JA prompted members to take action on the issue in early December, as the deadline loomed. In the end, Congress made permanent the existing exclusion amount of $5 million for individuals and $10 million for couples (indexed for inflation) as part of the American Taxpayer Relief Act (Fiscal Cliff Deal or H.R. 8). The deal increased the top tax rate from 35% to 40% on estates that exceed those thresholds.
“Retail jewelry is a generational business for many store owners,” says David. “If the estate tax had dropped back to the over $1 million rate, current generations of jewelers would be less inclined to hand down their business to their children. This is another issue we worked on to ensure continued smooth succession planning in our industry.”
As JA’s new president & CEO, David will split his time almost evenly between these domestic matters and the “international issues” of responsible sourcing and business practices, which ultimately become “domestic issues” for JA and its members.
In his previous executive role with the JCK Shows, issues such as conflict diamonds and responsible gold sourcing were more “arm’s length” for David. But as he discovered in October when David began his three month transition work with Matt, as the new leader of the trade association he needed to fully embrace what would become roughly half of his workload.

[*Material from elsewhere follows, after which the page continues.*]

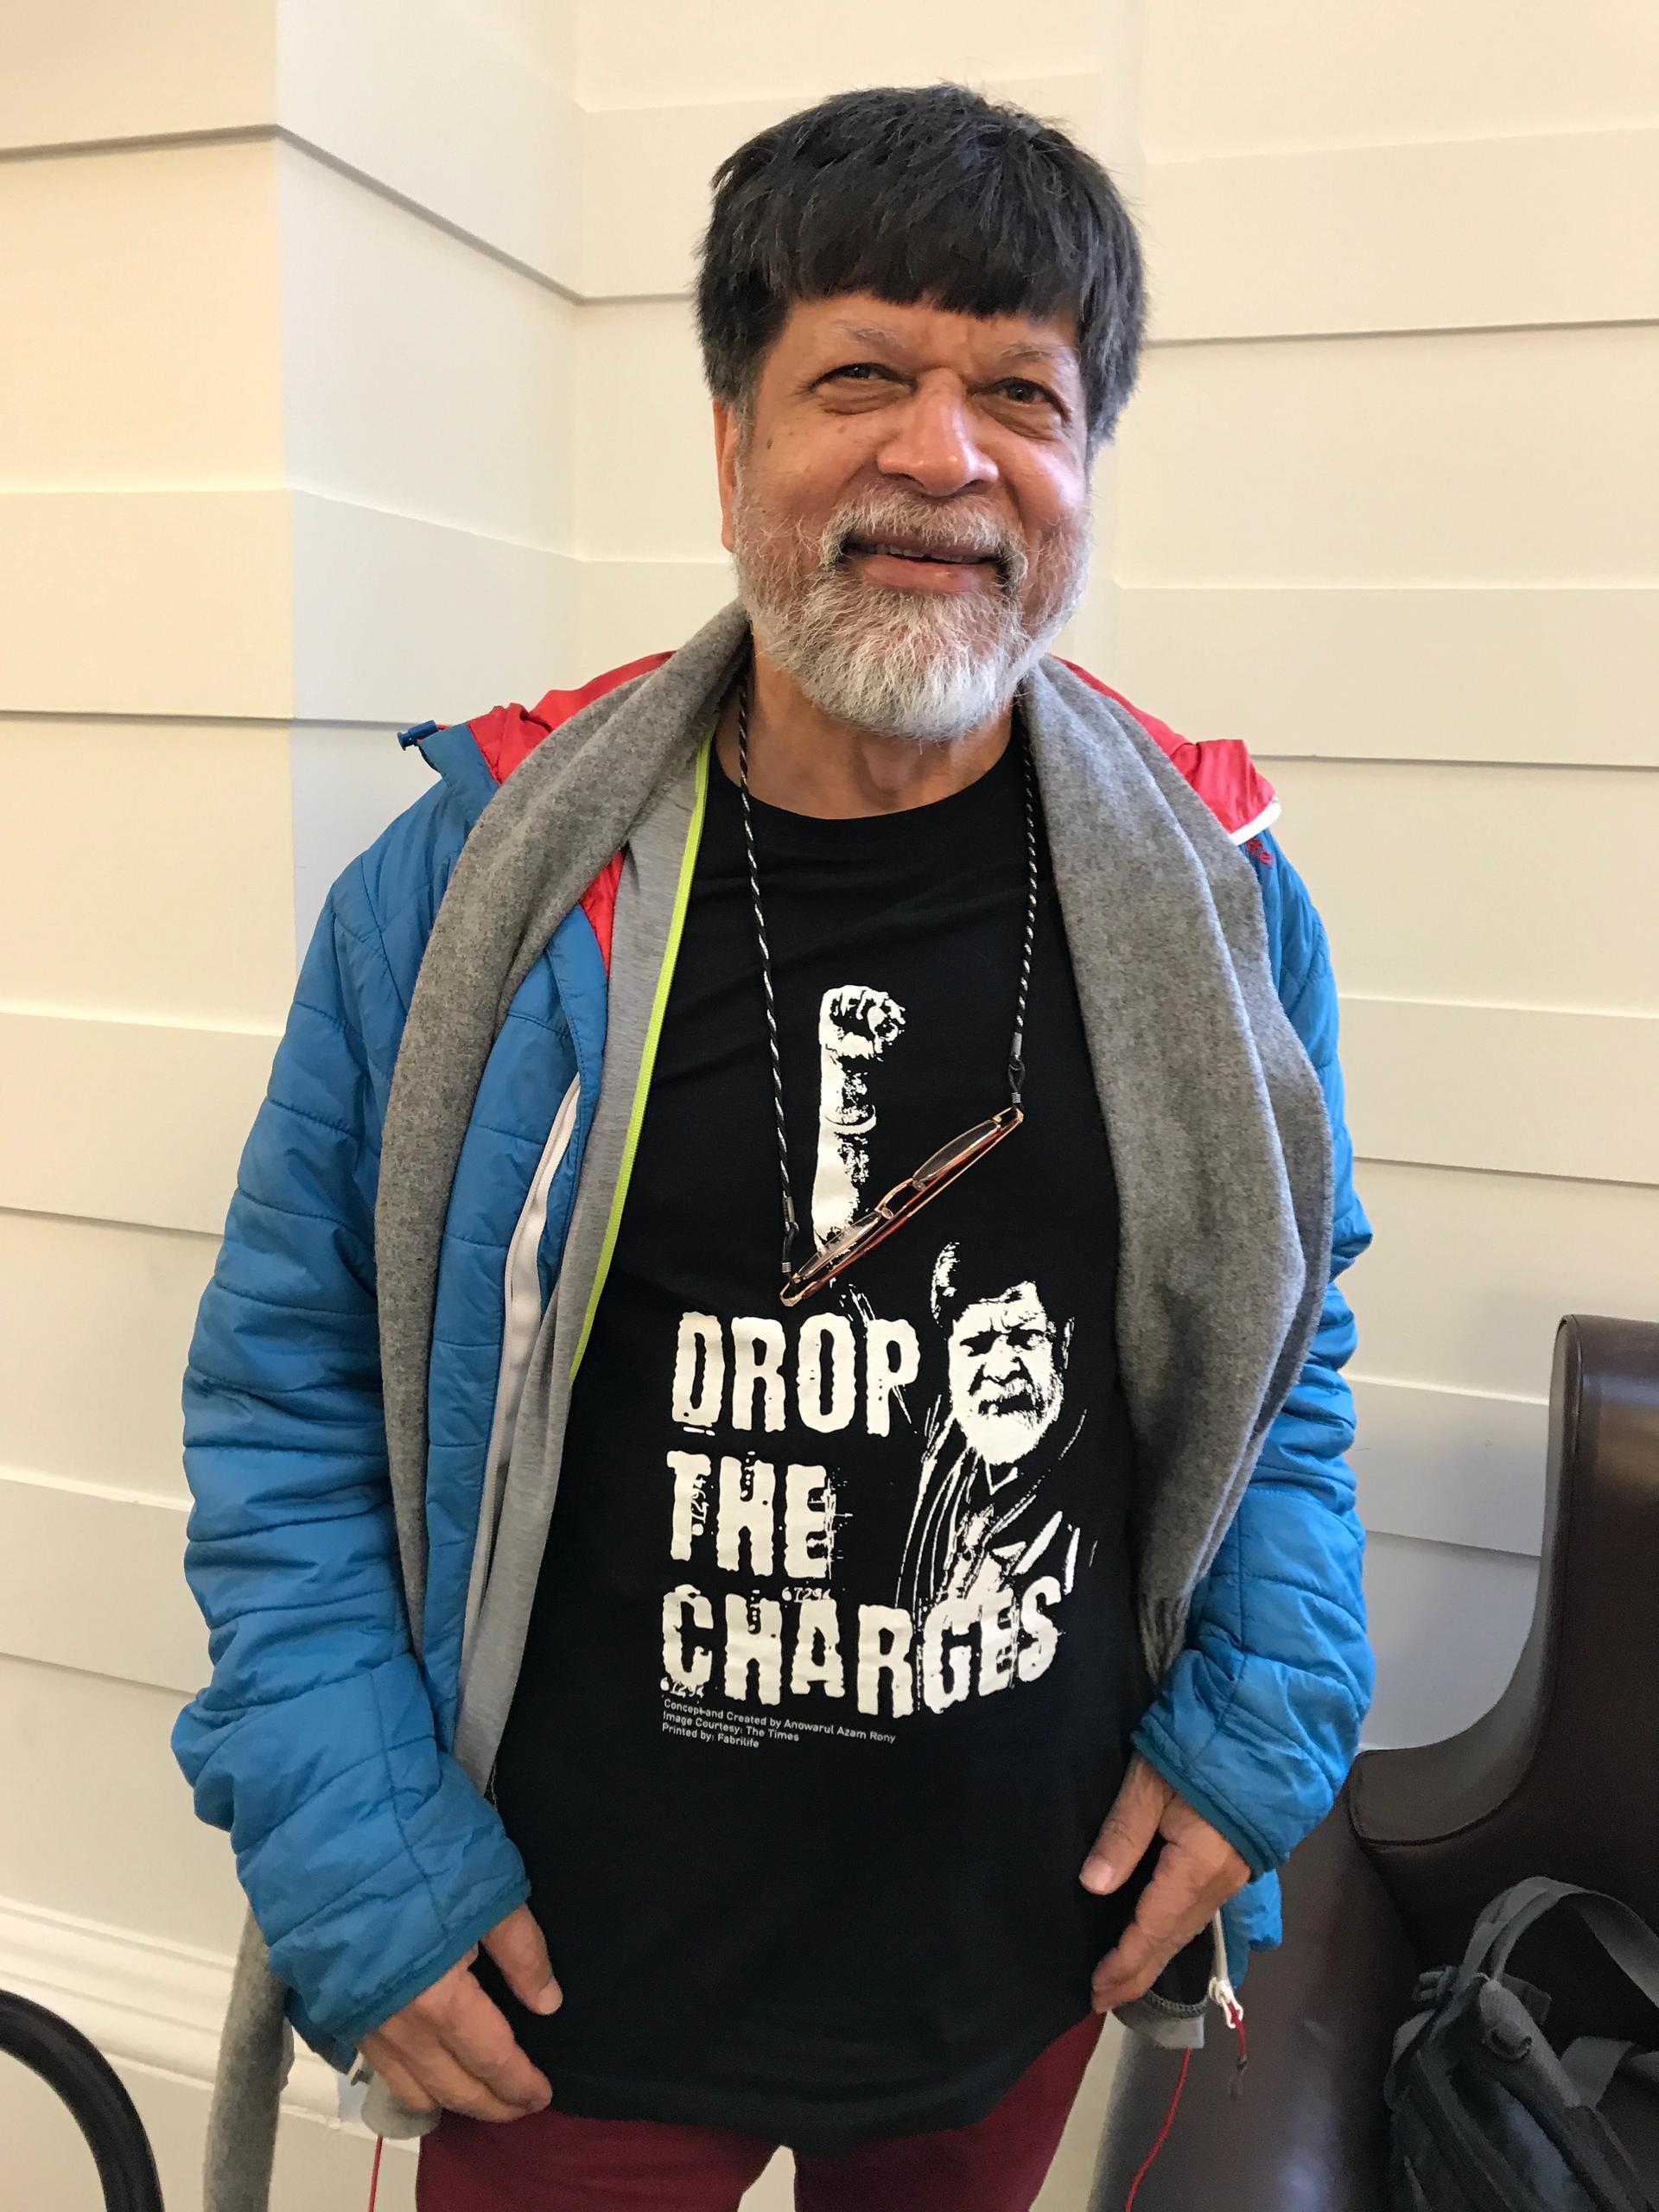 Shahidul Alam photographed at Tate Britain earlier this year

Research has shown that consumers are concerned about conflict diamonds and the integrity of the diamond supply chain with the verification procedures outlined in the Kimberly Process (KP). JA continues to stay close to the process by participating in the biannual meetings through the World Diamond Council (WDC) and their observer status. But with KP celebrating its tenth birthday this year, David is currently working with the Jewelers Vigilance Committee (JVC) and other industry groups to broaden the definition of what is “conflict.”

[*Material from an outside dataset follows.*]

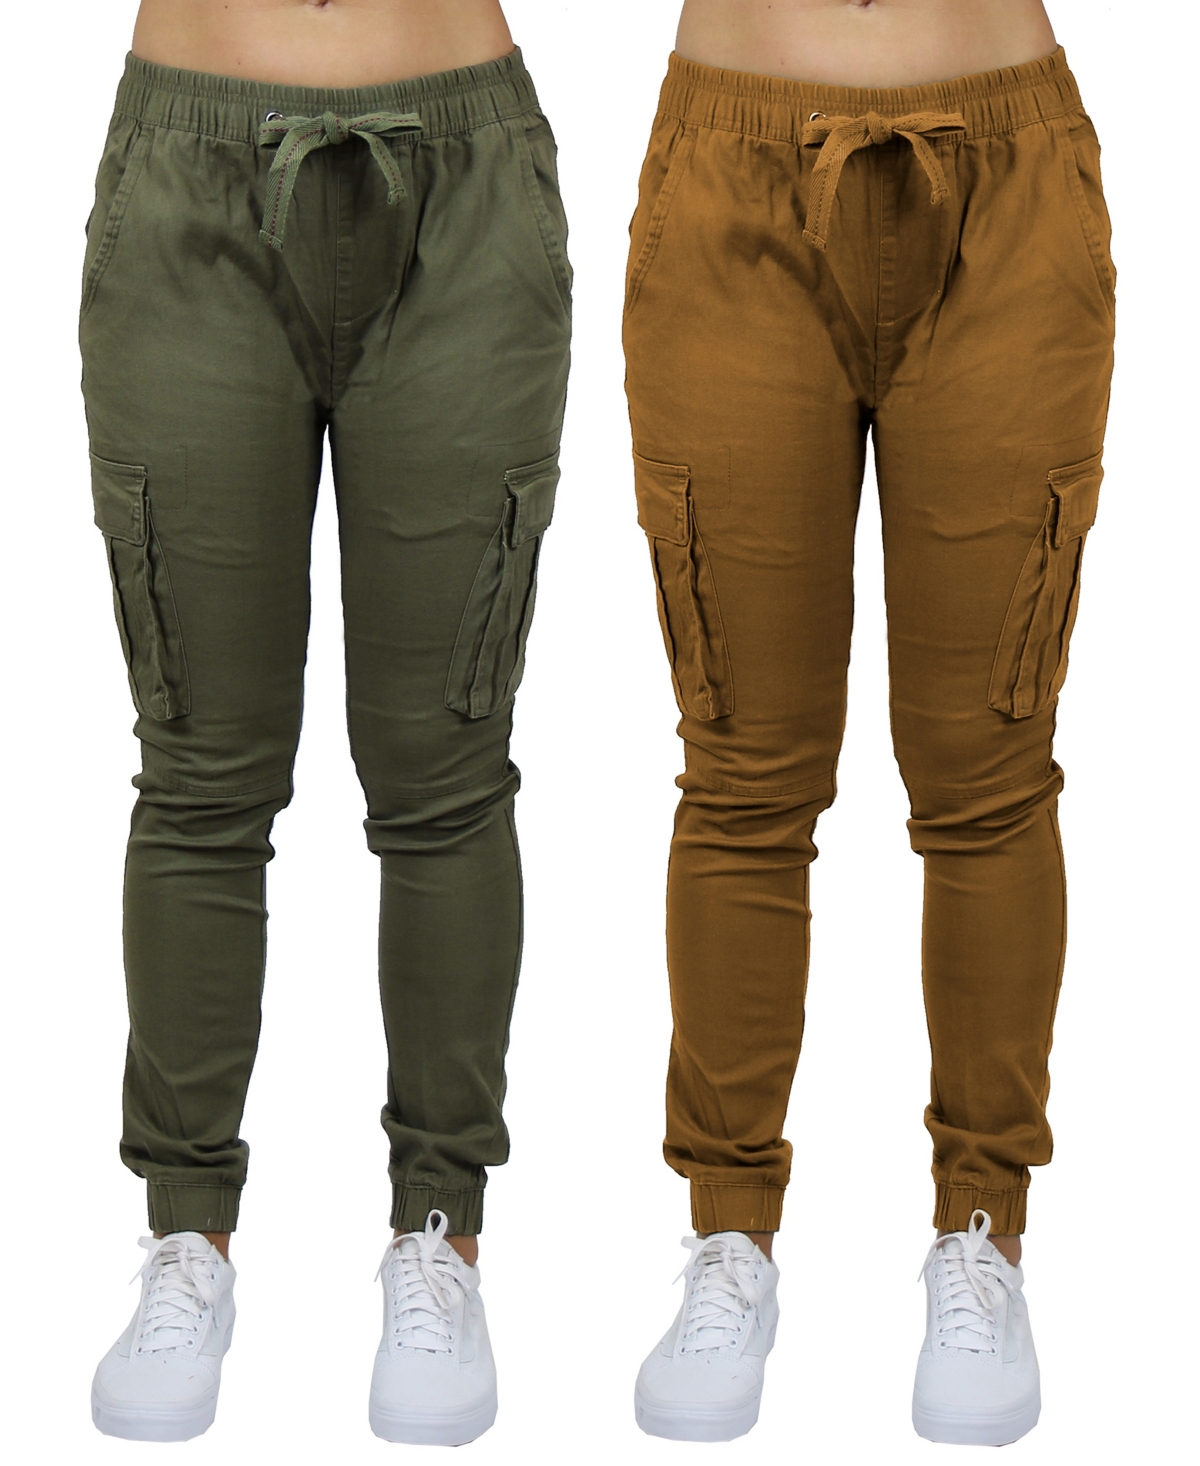 Women's Loose Fit Cotton Stretch Twill Cargo Joggers Set, 2 Pack - Navy, Woodland

“In the beginning, conflict was defined as oppressive anti-government groups forcing people to mine diamonds to benefit the armed rebel forces,” says David. “Although this type of conflict is still defined in KP, other types of conflict need to be included in KP. In some areas of the world governments are the oppressing party.”

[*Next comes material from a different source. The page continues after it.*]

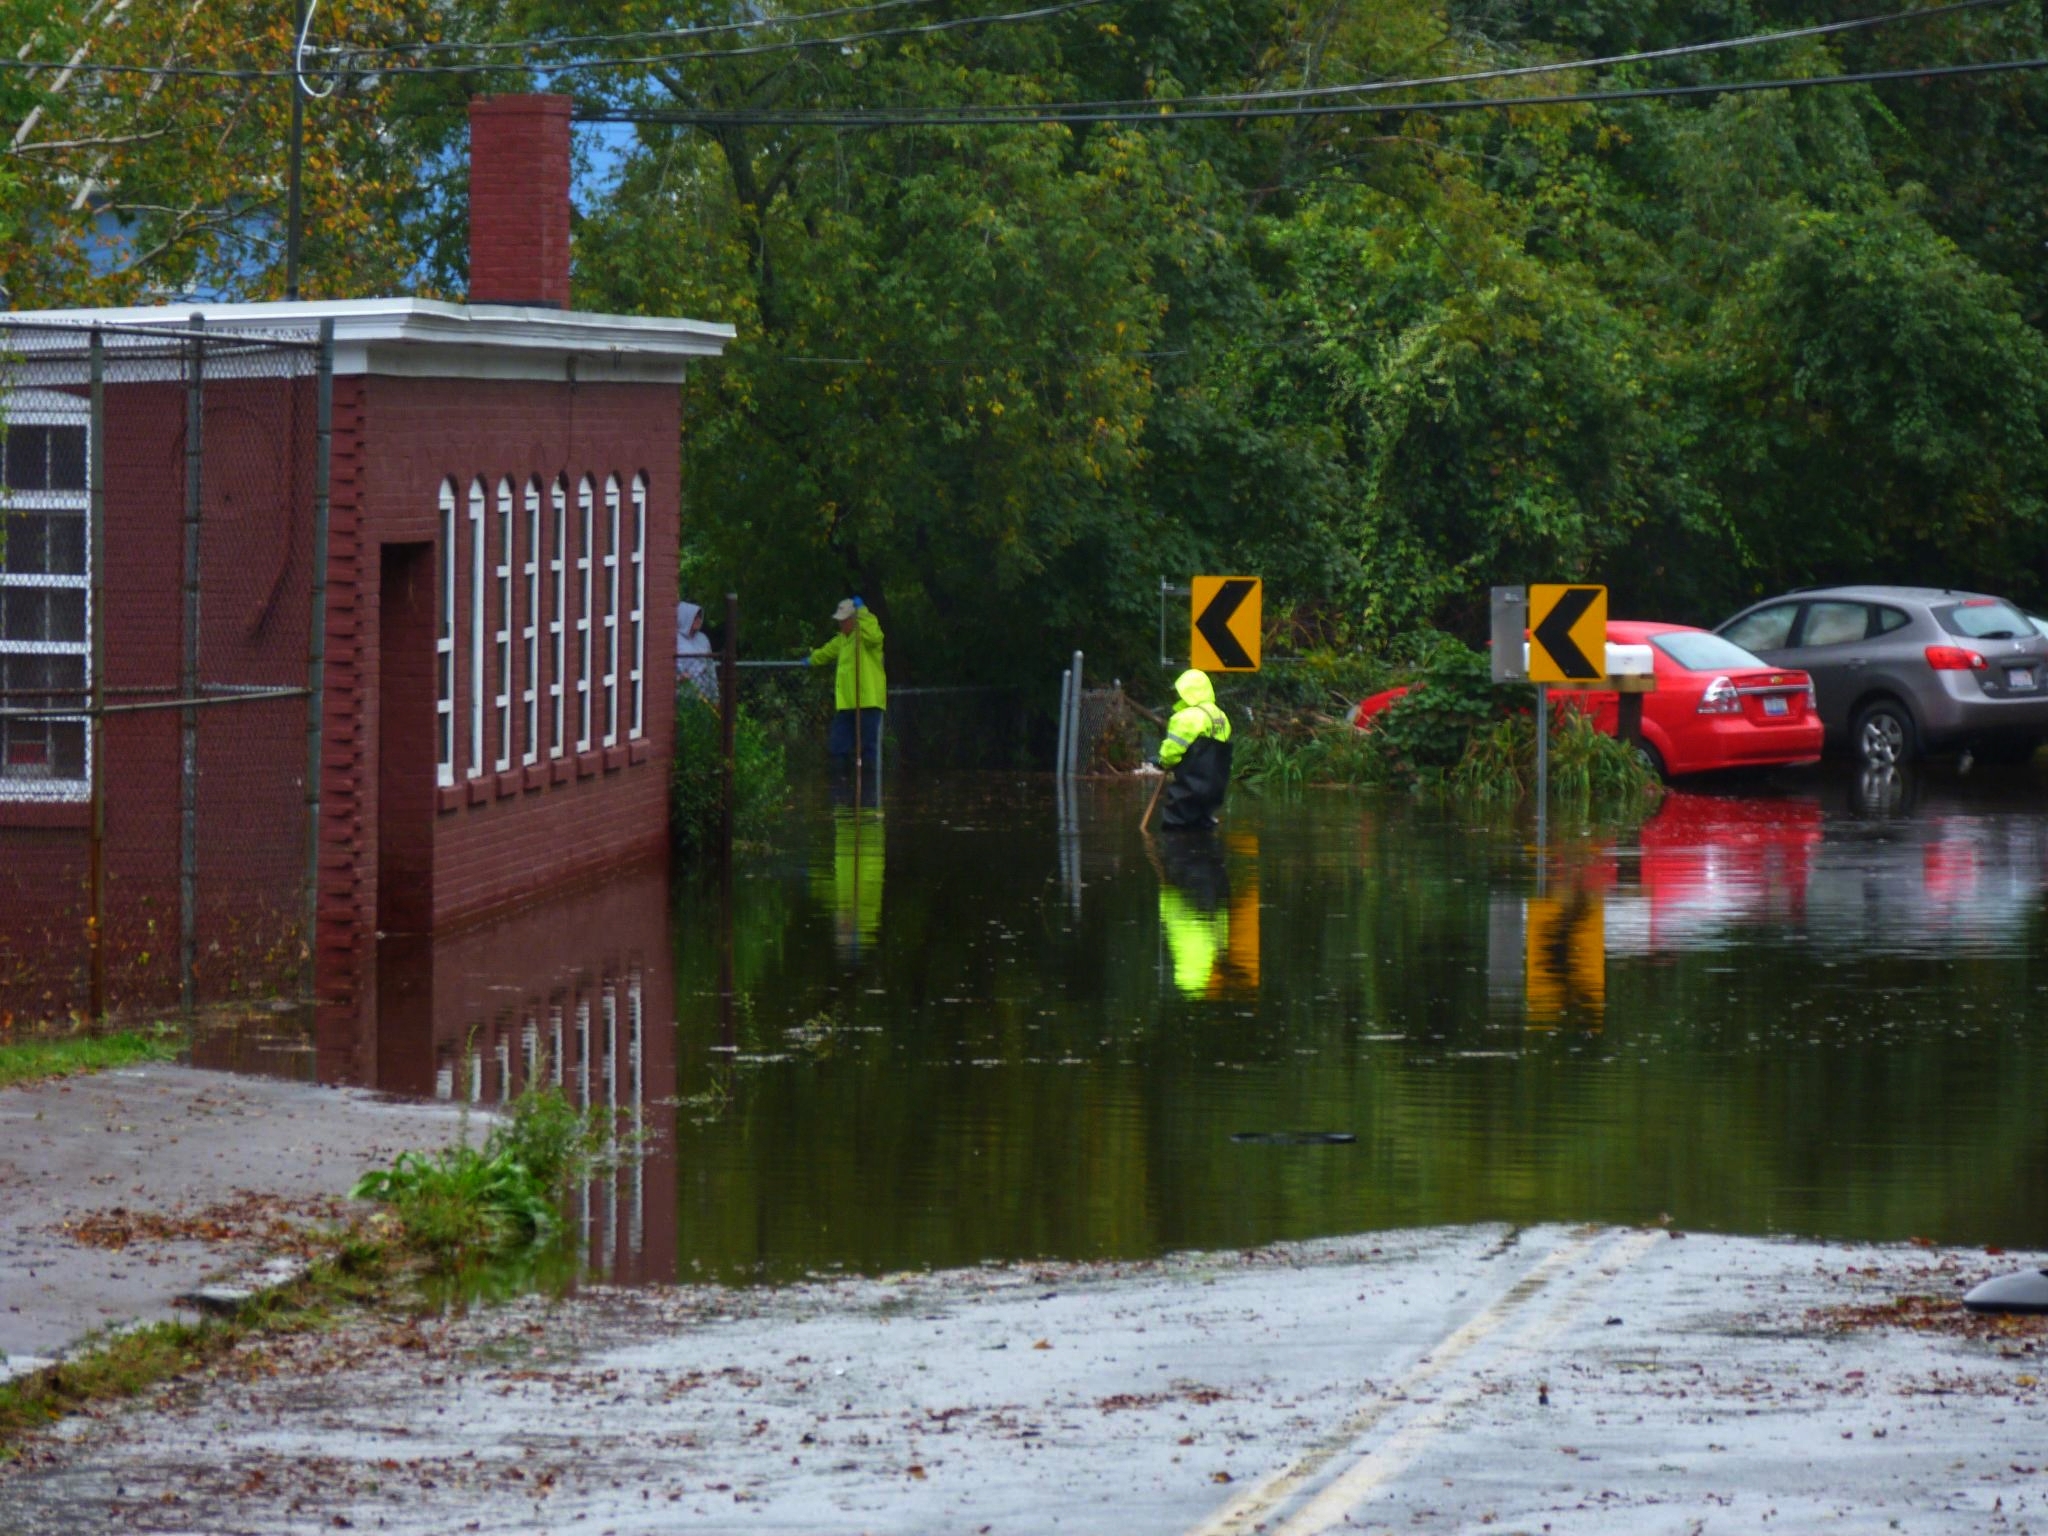 two people are working on their cars through water

David and other members of the JVC and the Diamond Manufacturers & Importers of America (DMIA) are working to expand that definition while continuing work on efforts outside of the KP like the Diamond Source Warranty Protocol, a diamond supply chain verification effort that began last year.
This has become more critical as conflict diamonds are an important self-policing issue as an industry and socially responsible purchasing for today’s consumers. Additionally, public policies – like regulations on gold and other conflict minerals within the Dodd-Frank Wall Street Reform and Consumer Protection Act – show that governments will turn to restrictive regulation if the industry fails to address these challenges.
“As we saw with Dodd-Frank, which targets gold and other minerals that fund conflict in the Democratic Republic of the Congo and nine surrounding countries, governments will enforce new laws that impact our industry if we do not act,” says David.
Both domestic and international work for David is very complex, involving many individuals and businesses as well as other industry and affiliated associations. That’s where being involved in the industry’s leading trade shows for a number of years, and a 90-day transition period with Matt, have been tremendously helpful for David.
“I know the industry issues but am immersing deeper into them each week, serve the same constituents – retail jewelers and suppliers - and had the chance to work side by side with Matt for three months before assuming my new position,” says David. “When 2013 began, I hit the ground running and have kept that pace ever since.”